Task to carry out:
Take the data below and copy exactly the lines starting at the one with "3d Wallpaper S8" and finishing at the one with "Bonnie Olmschenk", both included.

[Start of Attachment]

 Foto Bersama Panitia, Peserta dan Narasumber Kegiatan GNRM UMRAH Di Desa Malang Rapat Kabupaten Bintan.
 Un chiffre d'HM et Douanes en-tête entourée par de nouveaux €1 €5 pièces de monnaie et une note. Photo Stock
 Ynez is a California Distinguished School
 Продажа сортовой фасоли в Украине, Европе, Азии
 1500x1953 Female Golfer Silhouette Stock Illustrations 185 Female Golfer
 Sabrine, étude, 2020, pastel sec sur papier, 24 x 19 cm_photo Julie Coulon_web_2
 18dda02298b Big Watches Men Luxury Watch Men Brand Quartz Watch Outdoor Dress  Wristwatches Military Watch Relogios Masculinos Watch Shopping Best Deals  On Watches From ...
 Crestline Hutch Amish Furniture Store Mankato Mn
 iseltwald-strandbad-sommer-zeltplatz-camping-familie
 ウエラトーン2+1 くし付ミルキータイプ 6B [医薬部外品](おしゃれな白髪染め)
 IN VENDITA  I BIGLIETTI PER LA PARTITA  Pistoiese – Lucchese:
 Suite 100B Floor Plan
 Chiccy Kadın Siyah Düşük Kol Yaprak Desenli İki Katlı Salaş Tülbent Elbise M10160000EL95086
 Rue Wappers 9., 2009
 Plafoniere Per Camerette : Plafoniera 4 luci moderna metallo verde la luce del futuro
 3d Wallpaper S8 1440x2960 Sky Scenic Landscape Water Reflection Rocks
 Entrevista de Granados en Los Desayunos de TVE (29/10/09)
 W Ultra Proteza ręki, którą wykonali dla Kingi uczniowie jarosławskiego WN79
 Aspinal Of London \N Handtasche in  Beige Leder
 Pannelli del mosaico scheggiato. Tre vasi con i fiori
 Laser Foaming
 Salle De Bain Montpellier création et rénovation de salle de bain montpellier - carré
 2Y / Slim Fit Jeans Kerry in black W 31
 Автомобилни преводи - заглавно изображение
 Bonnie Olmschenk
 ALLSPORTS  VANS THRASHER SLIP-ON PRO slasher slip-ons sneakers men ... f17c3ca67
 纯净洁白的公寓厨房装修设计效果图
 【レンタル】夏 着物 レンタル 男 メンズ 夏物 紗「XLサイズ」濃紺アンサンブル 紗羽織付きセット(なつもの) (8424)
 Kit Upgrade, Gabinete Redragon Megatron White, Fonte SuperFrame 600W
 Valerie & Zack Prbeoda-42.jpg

[End of Attachment]

Finished exercise:
 3d Wallpaper S8 1440x2960 Sky Scenic Landscape Water Reflection Rocks
 Entrevista de Granados en Los Desayunos de TVE (29/10/09)
 W Ultra Proteza ręki, którą wykonali dla Kingi uczniowie jarosławskiego WN79
 Aspinal Of London \N Handtasche in  Beige Leder
 Pannelli del mosaico scheggiato. Tre vasi con i fiori
 Laser Foaming
 Salle De Bain Montpellier création et rénovation de salle de bain montpellier - carré
 2Y / Slim Fit Jeans Kerry in black W 31
 Автомобилни преводи - заглавно изображение
 Bonnie Olmschenk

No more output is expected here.